Dynamic transformations are only used for the odometry and you can show it as:

ros2 topic echo tf

All other transformations are static and they are exposed as latched topics, so you can show them with the following command:

ros2 topic echo --qos-profile services_default --qos-durability transient_local tf_static

For general access to transformations you can use tf2_monitor:

ros2 run tf2_ros tf2_monitor

or if you want to read transformation between arbitrary two coordinate frames in a tree:

ros2 run tf2_ros tf2_echo odom map

Navigation

ROS2 Navigation2 stack (see this figure) allows us to move robot from point A to point B by creating a global plan and avoiding local obstacles. It is integrated into the e-puck example and you can run it by including the nav parameter:

ros2 launch webots_ros2_epuck robot_launch.py rviz:=true nav:=true

or without RViz2 you can just publish a desired pose:

ros2 topic pub -1 /goal_pose geometry_msgs/PoseStamped \"
pose:
  position:
    x: 0.3
    y: 0.0
    z: 0.0
  orientation:
    x: 0.0
    y: 0.0
    z: 0.0
    w: 1.0
"

By default, the navigation will use a epuck_world_map.yaml map available in /webots_ros2_epuck/resource. To change the map, you have to use the map argument:

ros2 launch webots_ros2_epuck robot_tools_launch.py rviz:=true nav:=true map:=/path/to/your/map.yaml

Demo

This example will work properly only for ROS2 Foxy Fitzroy and later.

Mapping

Unfortunately, default SLAM implementation doesn't work well with e-puck. Therefore, we created a simple mapping node that relies purely on odometry. You can launch it as a part of the e-puck example launch file by adding the mapper parameter:

ros2 launch webots_ros2_epuck robot_launch.py rviz:=true mapper:=true

Drive the robot around (with e.g. teleop_twist_keyboard) to discover as much of the map as possible. Mapping process

Once you are satisfied with the result you can save the map as:

ros2 run nav2_map_server map_saver_cli -f $HOME/Pictures/map

Differential Drive Calibration

Based on the rotation speed of each wheel and two constants, distance between the wheels and wheel radius, we can calculate the position of the robot in the local frame. Therefore, the precision of the position estimation depends a lot on the distance between the wheels and the wheel radius. Those constants can vary from robot to robot and here we provide a tool to help you to calibrate it (this technique is very similar to the one proposed in "Measurement and Correction of Systematic Odometry Errors in Mobile Robots").

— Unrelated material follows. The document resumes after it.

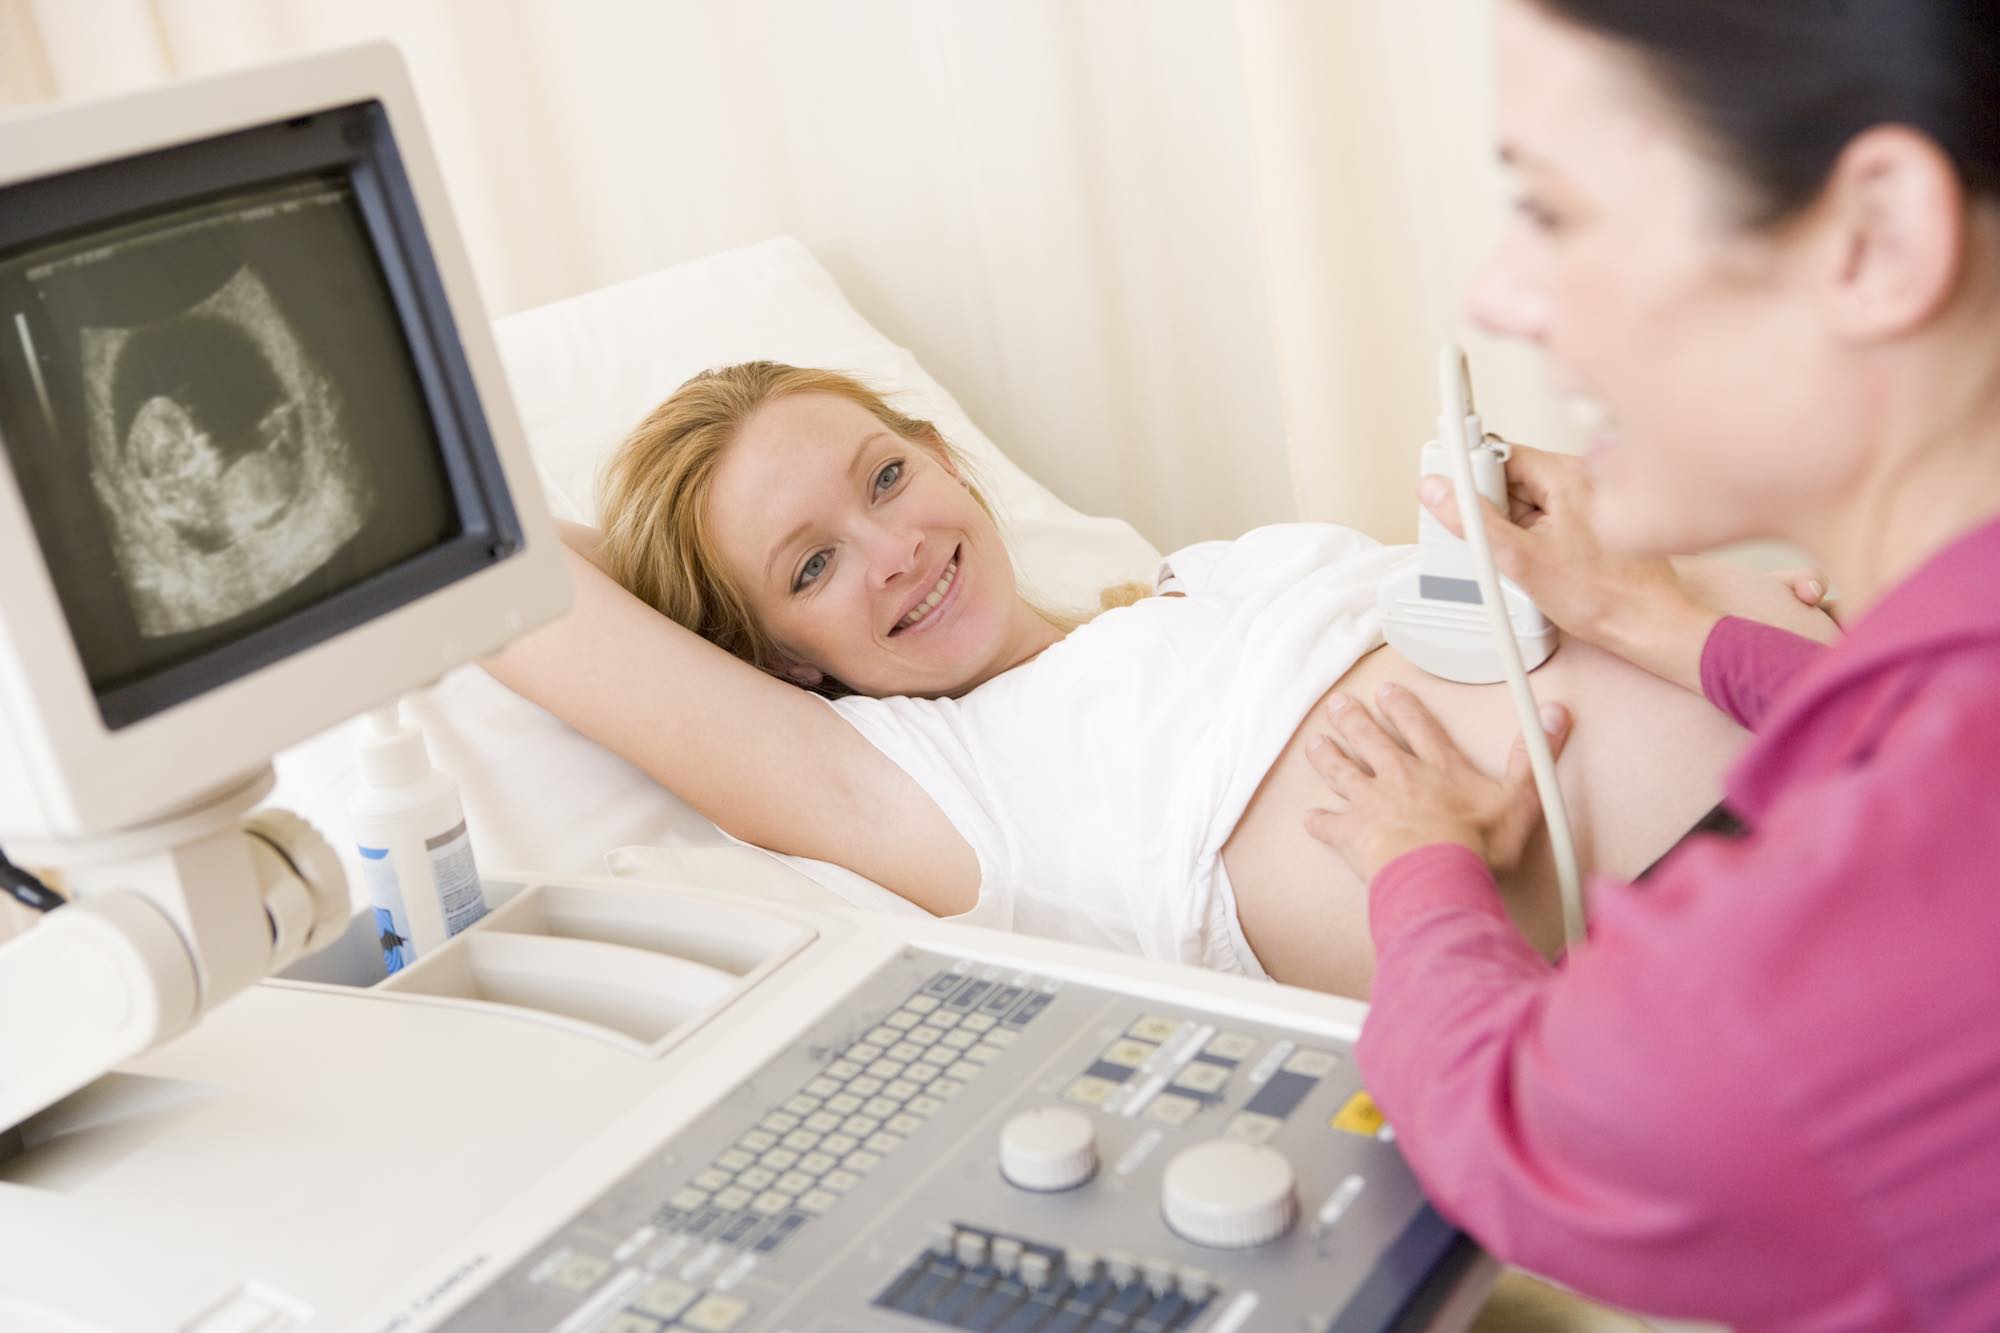 My Pregnant Health | Pregnancy Health Care Tips|Ultrasound

First, we want to measure wheel radius and we can achieve it by letting the robot move in a straight line:

ros2 run webots_ros2_epuck drive_calibrator --ros-args -p type:=linear

If the robot overshoots the given distance (default 0.1335m), we should increase the wheel radius, otherwise decrease it:

ros2 param set /epuck_driver wheel_radius 0.0215

Second, to calibrate the distance between the wheel we can let the robot rotate in the spot:

ros2 run webots_ros2_epuck drive_calibrator --ros-args -p type:=angular

If overshoots, the given number of rotations (default 4) then decrease the distance between the wheels, otherwise increase it.

ros2 param set /epuck_driver wheel_distance 0.0514

Third, repeat those two steps until you are satisfied with the precision.

Note that you can measure distance by a tool (e.g. ruler), it is a good initial guess, but with the technique described above, you will achieve much better results. According to the paper, such techniques can significantly reduce systematic errors (page 4 and 23).